A. Clean Air Act Requirements

Sections 182(b)(1)(A) and 182(c)(2)(A) of the CAA require States with areas classified as “moderate,” “serious,” and “severe” ozone nonattainment to submit revisions to their applicable SIPs to provide for specific annual reductions in emissions of volatile organic compounds (VOCs) and oxides of nitrogen as necessary to attain the national primary ambient air quality standard for ozone. Additionally, section 110 of the Act requires that such plans be subject to public notice, comment, and hearing procedures and that the States adopt and submit the plans to EPA.

As part of New Hampshire's efforts to meet the CAA requirements, on July 27, 1998, the New Hampshire Department of Environmental Services (NH DES) submitted a request to revise its SIP by adding CHAPTER Env-A 3200 “ NOX BUDGET TRADING PROGRAM” and Final RACT Order ARD-98-001. The regulations and order impose statewide and source-specific caps on NOX emissions from certain industrial equipment (e.g., electric utility boilers, industrial boilers, combustion turbines, etc.). New Hampshire's CHAPTER Env-A 3200 is based closely on a model rule which was developed using the EPA's economic incentive program (EIP) guidance (67 FR 16690, April 7, 1994) as the regulatory framework.

B. The OTC MOU Program

The model rule used by New Hampshire was developed by the Northeast States for Coordinated Air Use Management (NESCAUM) and the Mid-Atlantic Regional Air Management Association (MARAMA) entitled, “NESCAUM/MARAMA NOX Budget Model Rule.” The NESCAUM/MARAMA model rule was issued on May 1, 1996. The basis for the model rule was a memorandum of understanding entitled, “Memorandum of Understanding Among the States of the Ozone Transport Commission on Development of a Regional Strategy Concerning the Control of Stationary Source Nitrogen Oxide Emissions,” dated September 27, 1994, otherwise known as the “OTC MOU.”

The OTC MOU committed the MOU signatory States to require certain major stationary sources to reduce their NOX emissions through several regulatory stages. The NOX RACT regulations required by section 182 of the Clean Air Act have reduced emissions at major stationary sources of NOX since 1995. Those reductions are considered “phase I” of the OTC program. Under “phase II” of the program, the MOU committed the signatory states to imposing a cap on regional NOX emissions during the five month periods between May 1 through September 30 of 1999, 2000, 2001, and 2002. The third stage of the OTC program, i.e., “phase III,” will tighten the regional cap and is set to begin on May 1, 2003 and continue in each ozone season thereafter.


New Hampshire's Chapter Env-A 3200 contains both phase II and phase III NOX budget program reduction requirements.
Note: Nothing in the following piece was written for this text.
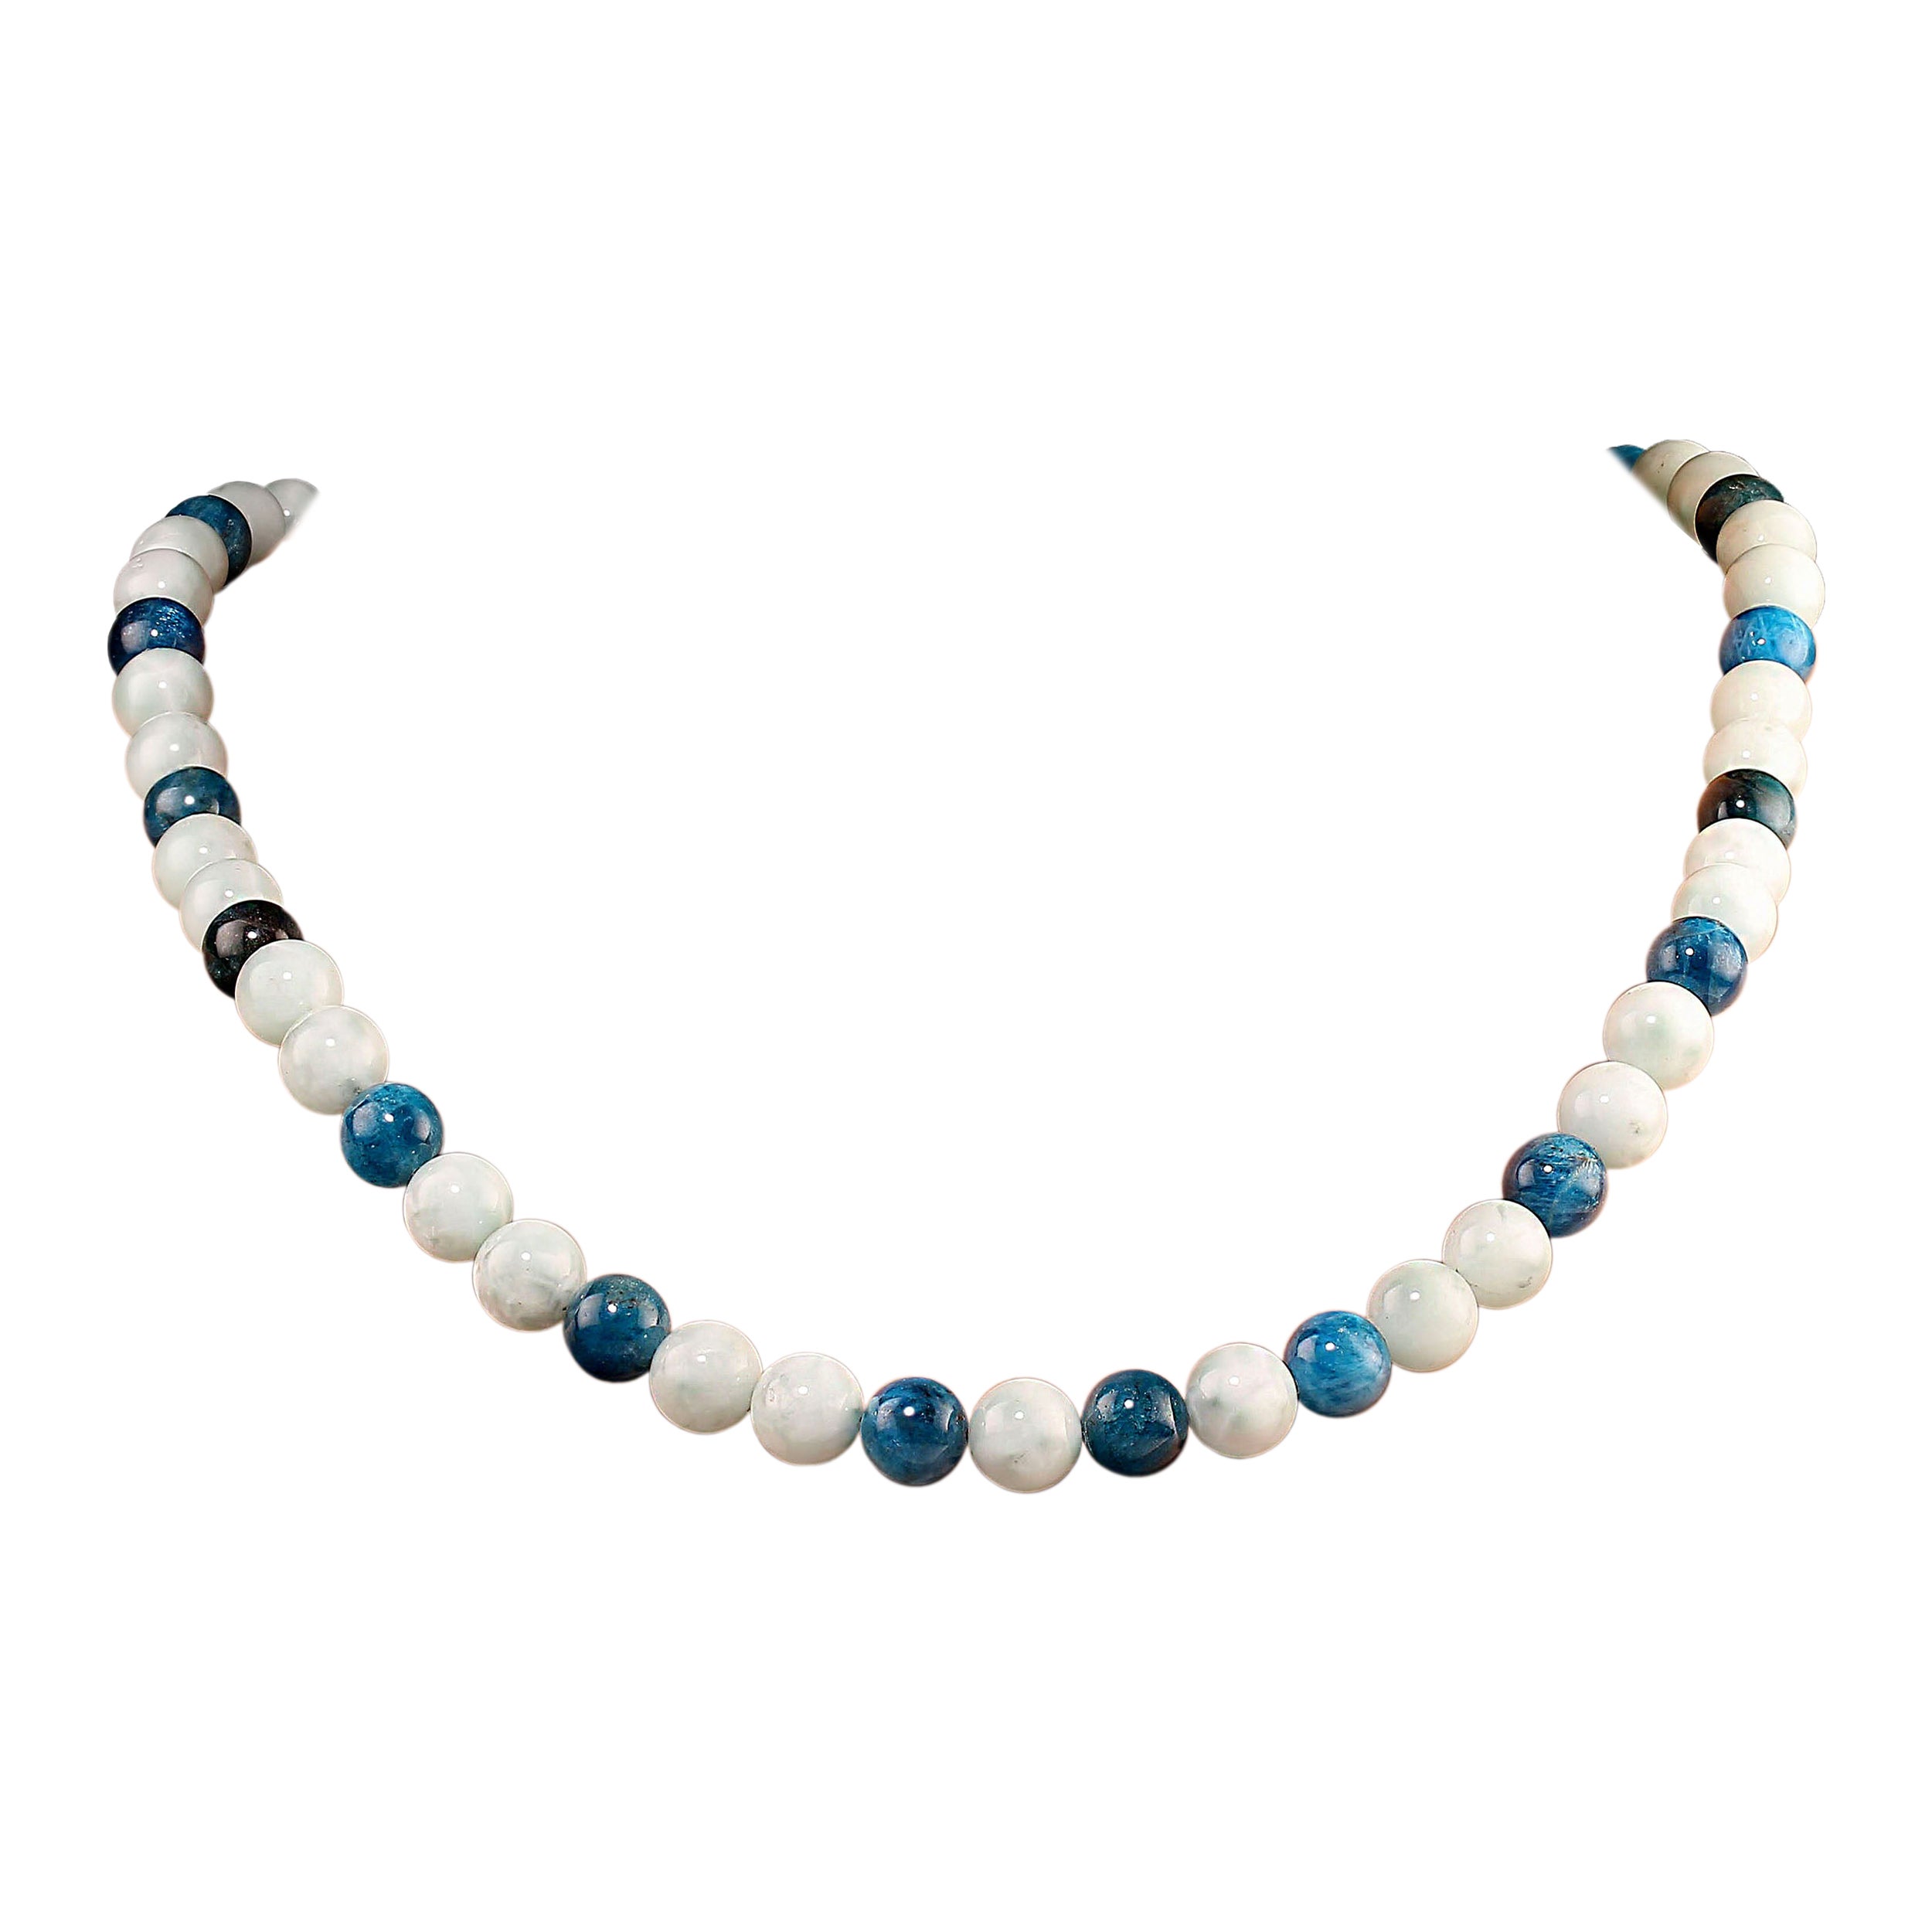 25-inch angelite and apatite necklace in shades of soft green and deep green. These gorgeous 10mm gemstones are smooth and highly polished. The necklace is secured with a silver plate box clasp with green druzy accent.  MN2413

New Hampshire's NOX budget regulations set a statewide, five month (May through October) NOX “budget,” or mass emission limit in tons, to reduce the aggregate emissions from large fossil fuel fired combustion equipment by as much as 75% from a 1990 baseline. In order to achieve the aggregate NOX reductions, the regulations proportion NOX “allowances” (in tons) to the facilities with emission units subject to the program. The regulations require each owner or operator of each unit to hold, by December 31 of each year, at least as many NOX allowances in their compliance account as total tons of NOX emitted during the previous five month ozone season.

Under the NOX Budget regulations, NOX allowances may be bought or sold and unused allowances may be banked from one year to another in a central registry administered by EPA. The program requires NOX emissions to be monitored by either a continuous emission monitoring system (CEMS) or equivalent, although the use of alternatives is allowed where approved by the State and EPA. The program began on May 1, 1999. Starting in 2002 and occurring every three years after, New Hampshire and the OTC will conduct an audit of the program to ensure that the expected reductions are occurring.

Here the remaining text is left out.